In a funny way, I feel like both could sort of angle towards a similar thing
in the end. For example, while you might use a subscription based service to
pay anonymously at first, you could, once/if established, also offer checkout
options for businesses too. Once you own both ends of the payment, you can
start connecting people directly. Paypal arguably do this already - when you
pay someone's Paypal account from yours, it just settles immediately and
internally.

> On anonymous payments, I think a credit or debit card like thing that
> offered anonymity online when buying things would be quite attractive. I
> would use it.

That is interesting to hear - I have spoken to a number of people who also say
they would use such a service if available. What do you think would be the
absolute minimum such a service could offer? I think it is the virtual cards
and an email address, do you agree? How much do you think you might be willing
to pay for it and how would you expect the pricing to work? A subscription? A
small charge for each time you use it?

I agree with your general sentiment about merchant acquiring etc though - yes
re AMEX, I don't know about the US but in the EU basically no one takes it.
Payments is one of those systems where you draw a diagram of how it works, and
you just think "if I designed this from scratch today... it definitely would
not look like this!". I think it's inevitable it will change, and it is
starting to already.
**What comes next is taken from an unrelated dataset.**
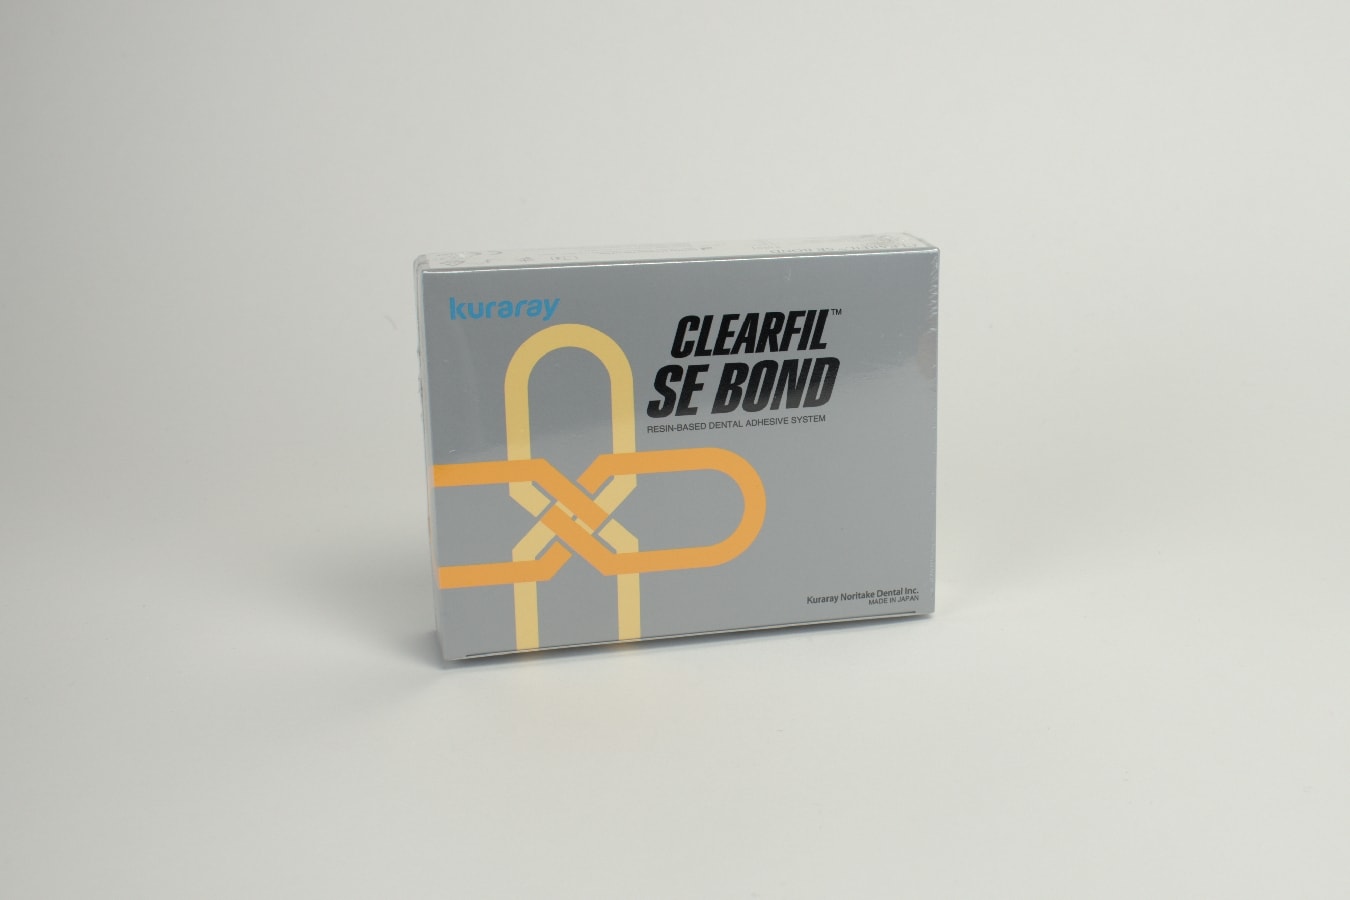 Clearfil SE Bond Intro

The change we've seen so far is, in my opinion, mostly
superficial though (much like the anonymous online payments idea would be).
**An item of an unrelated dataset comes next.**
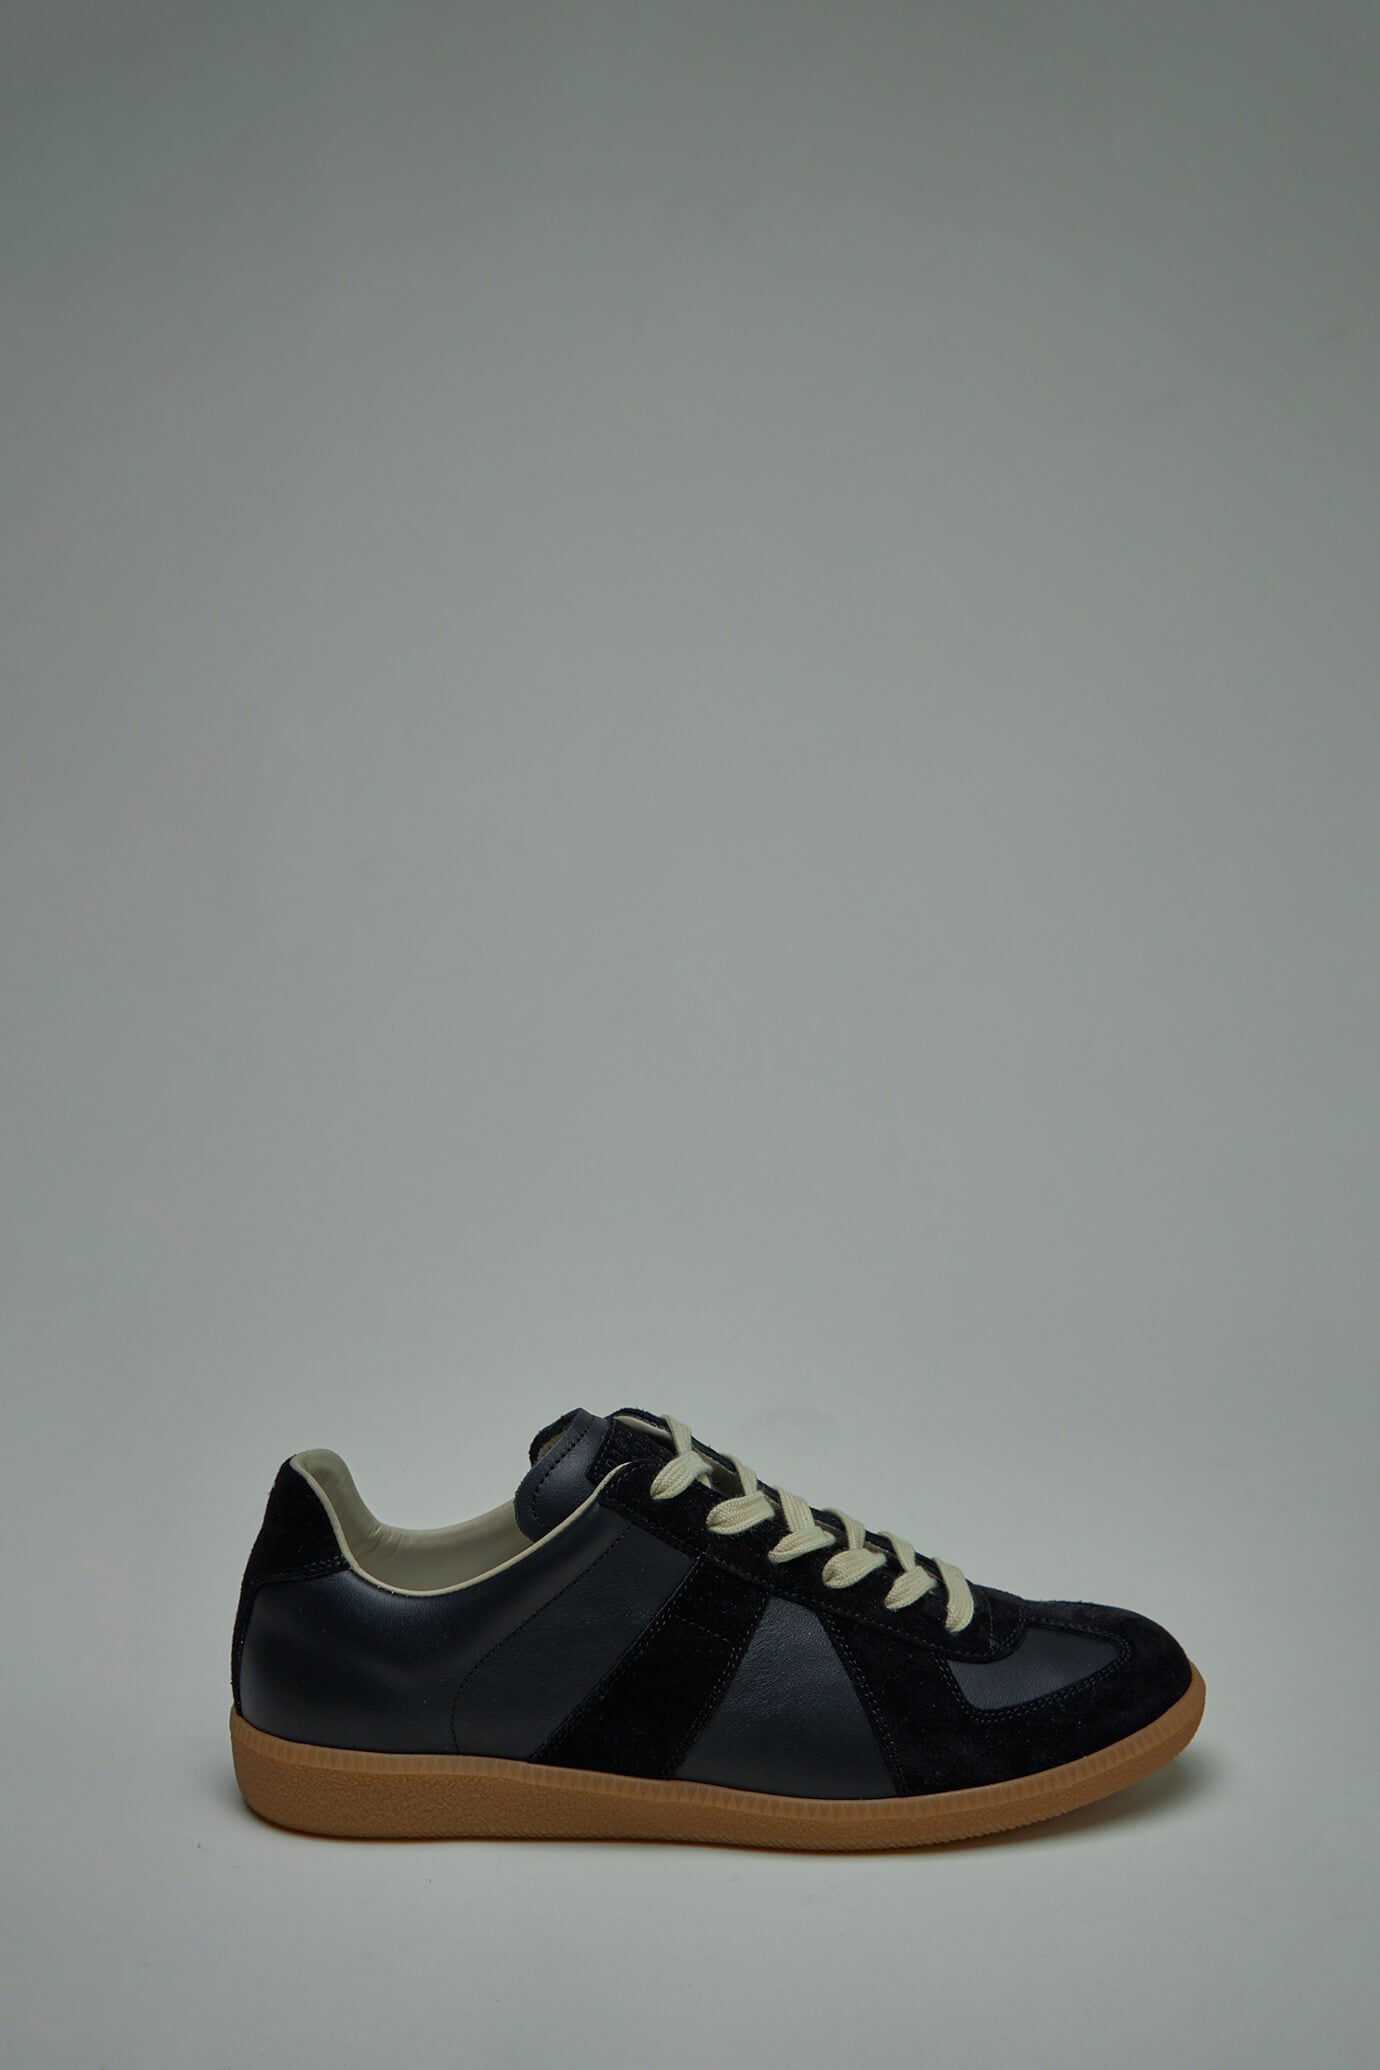 Maison Margiela Replica Shoes – LABELS

> Problem would be dealing with all the payments regulations.

Yes the regulatory hurdle is a big hurdle to overcome for all the financial
services ideas. I believe it is possible but you would need to get in touch
with the regulator from day one and be clear about what you wanted to do. E.g.
Monzo in the UK used this strategy. They just approached the FCA right at the
start, and said what they wanted to do, and the regulator told them what they
had to do.

I think this is tough but probably more tractable than people imagine with a
bit of determination!

> As you note, network effect is the hard part but I’m sure there’s a way

I think it's extremely hard! But then I think, it wasn't so long ago that not
a single store or restaurant could take credit cards of any card (they didn't
exist). How exactly did mastercard get going? Did they start with one
location? I would like to research this, do you know anything about it?

My intuition is that by focusing on small businesses and their customers at
first, you can actually offer something they don't have access to. I see many
local shops stil advertising with flyers or street signs and using stamps on a
card for loyalty programs etc. Word of mouth and perhaps a facebook group is
the only way they reach their customers. A platform that connected them and
their customers would potentially have real value to them. For example, as a
consumer using the system, I might be able to quickly see which places have
got lunch deals on within half a mile, then automatically claim my discount by
paying with the app.

What do you think about that? What would incentivise you, for example, to put
a small amount of money into that system and pay for things with it? Access to
unique offers? Loyalty schemes? Supporting local businesses? A unique payment
experience? Itemised receipts (not on a bit paper!)?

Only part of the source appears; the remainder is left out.